By applying clustering algorithms to Berlin rental listings, this analysis seeks to decode the urban ecosystem and reveal the underlying archetypes of the city’s rental landscape. The result is a nuanced map for renters, researchers, and urban enthusiasts alike.---

🗃️ Data Source

Zensus 2022 (Germany Census) – Housing Module

  • Publisher: Statistisches Bundesamt (Destatis)
  • File: /data/raw/news-zensus-2022-miete.xlsx
  • Coverage: District-level rental data for Berlin & Brandenburg.
  • Variables:
    • Net cold rent (€/sqm)
    • Year of construction (binned into categories: pre-1950, 1950–1969, …, post-2010)
    • Geographic unit: District (Kreisebene)

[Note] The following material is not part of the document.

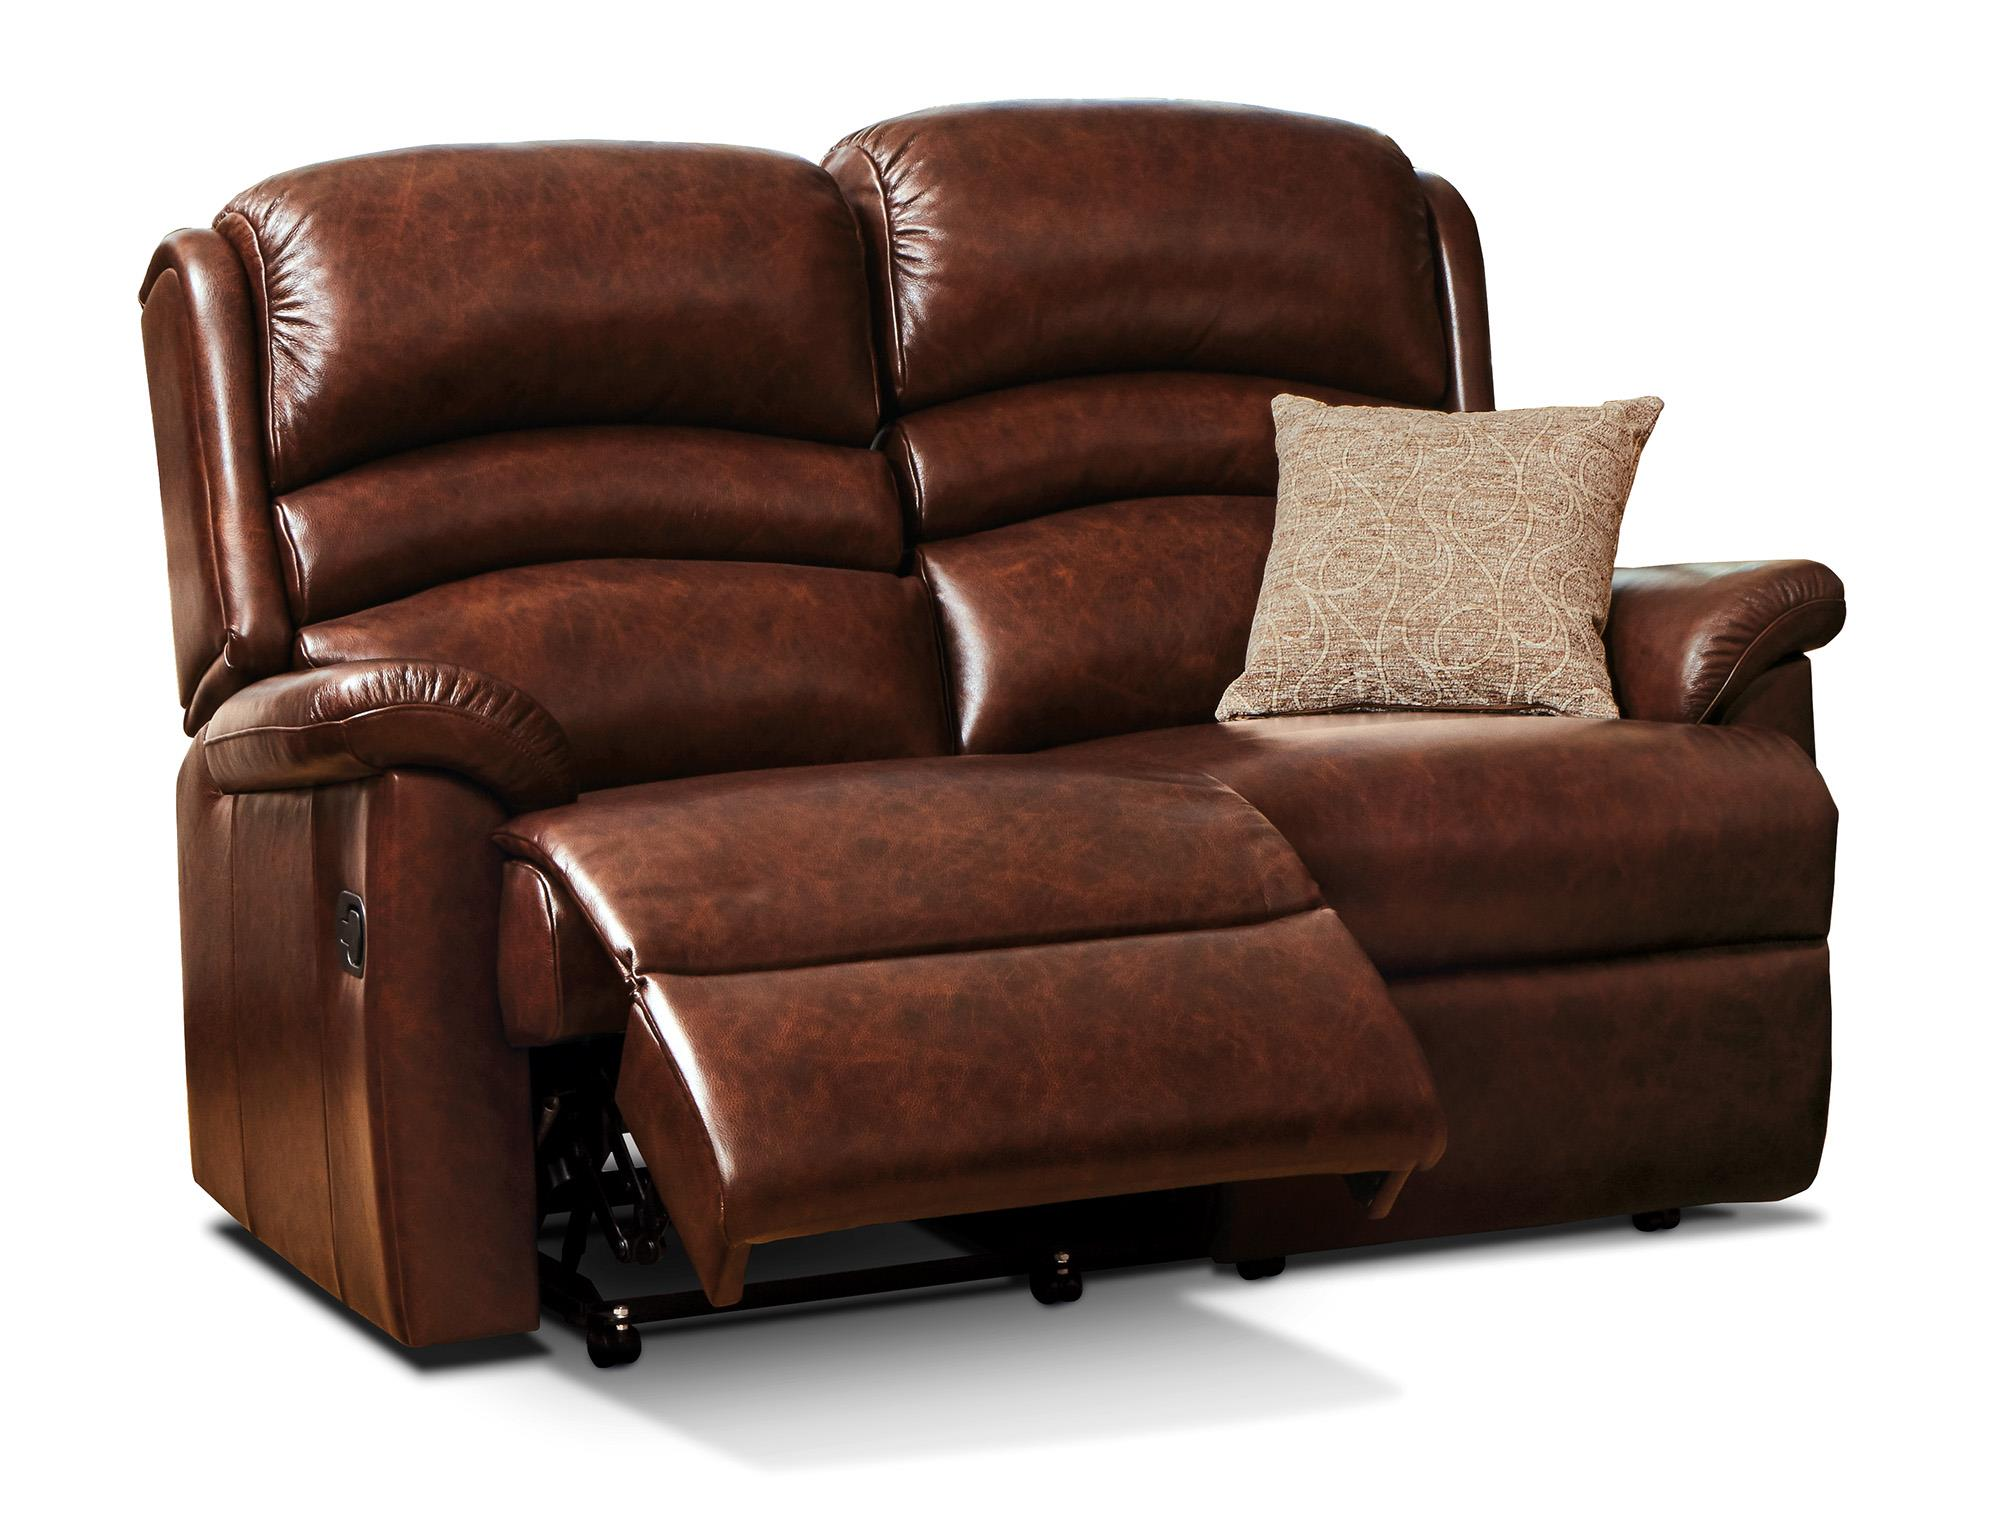 OLIVIA - Leather Reclining 2 Seat Settee

Source: Zensus 2022 official portal


📂 Repository Structure

  • Final_housing_BB.ipynbMain analysis notebook (SQL queries, clustering, visualizations).
  • realestate_berlin_brandenburg.py → Trial Python script for early ETL and queries.
  • data/raw/news-zensus-2022-miete.xlsx → Zensus 2022 rental dataset.
  • requirement.txt → Python dependencies.

⚙️ Installation

Clone the repository and install dependencies:


⚙️ Data Preparation

Python, specifically the Pandas library, is the industry standard for data wrangling. Its powerful, flexible, and intuitive syntax is perfect for handling the messy, inconsistent formats often found in public data portals.

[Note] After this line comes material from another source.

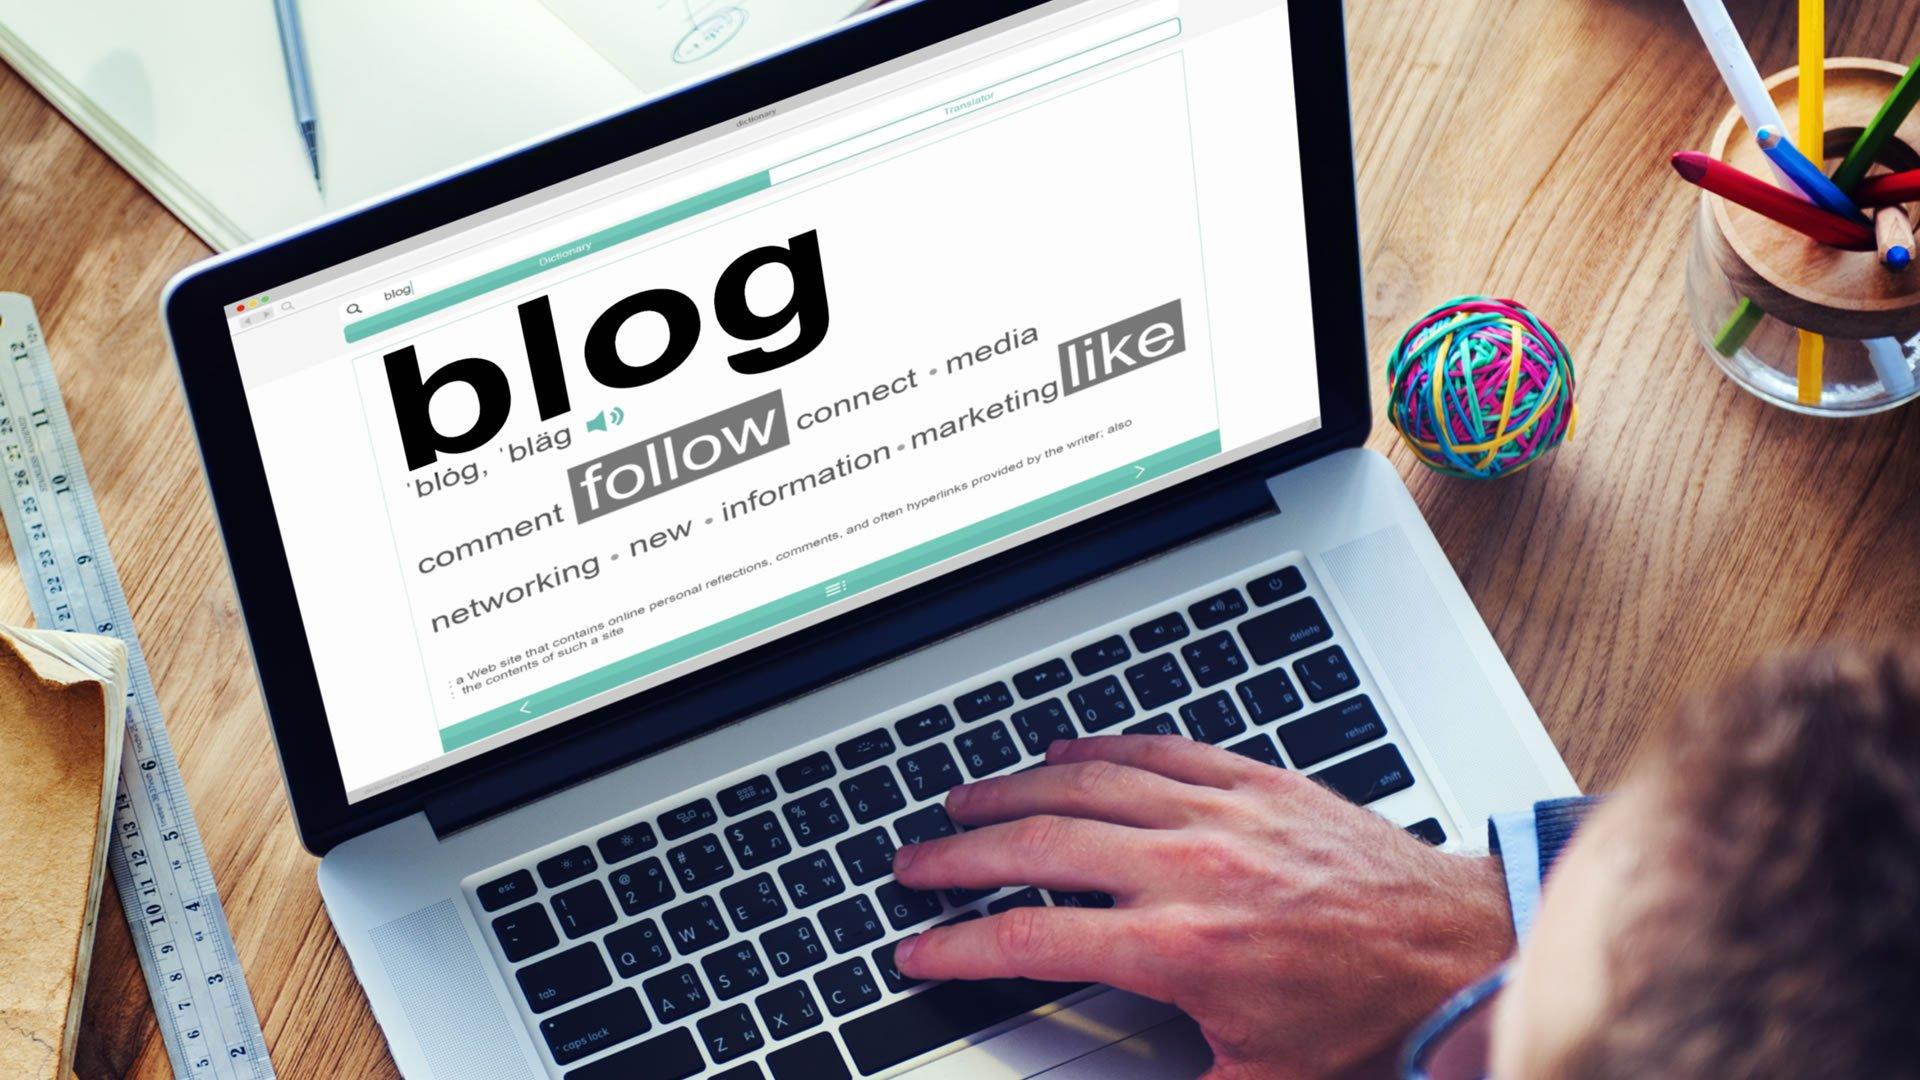 blog post inspiration for WordPress

The raw data required significant transformation to be usable for analysis. The cleaning process involved:

  • Handling Encoding: Converting files from Windows-1252 encoding to UTF-8 to properly display German umlauts (ä, ö, ü, ß).
  • Reshaping Data: The rental data tables were in a "wide" format (e.g., construction periods as columns). We used pd.melt() to pivot them into a tidy "long" format, which is essential for effective analysis and visualization.
  • Standardizing Values: Inconsistent naming (e.g., "Pankow" vs. "Berlin-Pankow") was standardized across all datasets. -Type Conversion: Ensuring numerical columns (e.g., population counts, rent prices) were stored as correct data types, handling thousands separators (e.g., "2 345" -> 2345).

Handling Missing Data: Identifying and addressing NULL values, often represented by placeholder characters like . or - in the original data.

Data Storage & Management (SQL):

  • Data Integrity: Enforcing relationships between tables (e.g., a dimension table for districts, a fact table for yearly statistics and rent prices) and ensuring data consistency.
  • Efficient Querying: Performing complex joins, aggregations, and filters is faster and more memory-efficient than doing it in Pandas for large datasets. For example, joining rent data with population data to see if growth correlates with price.
  • Reproducibility: SQL scripts provide a clear, version-controlled record of how the analysis was performed.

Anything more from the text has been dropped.